# NYC's Uber Driver Claims - Only $10k Take Home on $60k for 2015



## Undermensch (Oct 21, 2015)

Not posting this in News, because I have an opinion.

*NYC Uber Driver Shares Tax Docs, Says He Only Took Home $10K in 2015*

http://www.nbcnewyork.com/news/local/Uber-Driver-Makes-Tax-Returns-Public-376117981.html



> One New York City Uber driver made his tax filings public Monday and claimed the popular ride-sharing company is ripping him off.
> 
> "I don't think Uber cares," said Antonio Pacheco. "I don't think Uber cares if we drop dead to be honest with you."
> 
> ...


If you look at that last statement, the driver is including the car payment as an expense... that's correct on a cash flow basis but wrong on an actual income basis. The car payment could be on a 12 month loan, which would make it astronomical compared to the depreciation of the car in those 12 months.

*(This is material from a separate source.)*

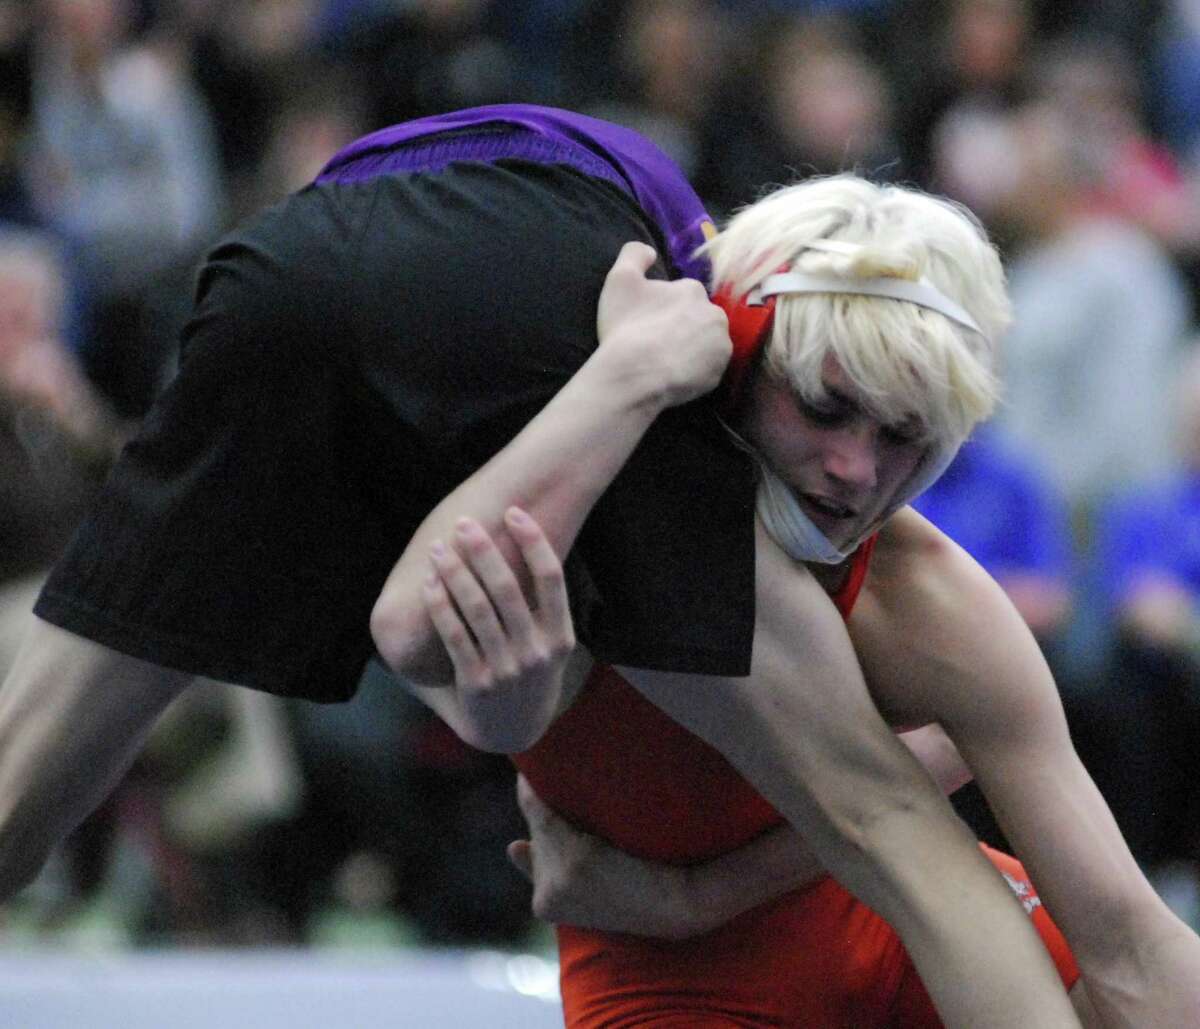 Danbury’s Ryan Jack wrestles Westhill’s Chase Parrot during the finals of the State Open, held Saturday in New Haven.

This does look like a driver that bought a new car only for Uber and shouldn't have.

Thoughts?


----------



## Tim In Cleveland (Jul 28, 2014)

It was too vague to judge. Did he take mileage? Sounds like he claimed "actual" expenses. His depreciation on his car WOULD NOT take mileage into account and wouldn't be accurate.


----------



## Undermensch (Oct 21, 2015)

Tim In Cleveland said:


> It was too vague to judge. Did he take mileage? Sounds like he claimed "actual" expenses. His depreciation on his car WOULD NOT take mileage into account and wouldn't be accurate.


If Chewbacca lives on Endor, you must acquit!


----------



## Another Uber Driver (May 27, 2015)

According to what several tax accountants have told me, including my current one, the deduction for the vehicle itself is based on depreciation. You can, however, deduct fully the annual interest that you pay on the loan.*

As much as the TNCs do take from you, and, as costly as it can be to go into this business, still, even I would find it difficult to believe his numbers.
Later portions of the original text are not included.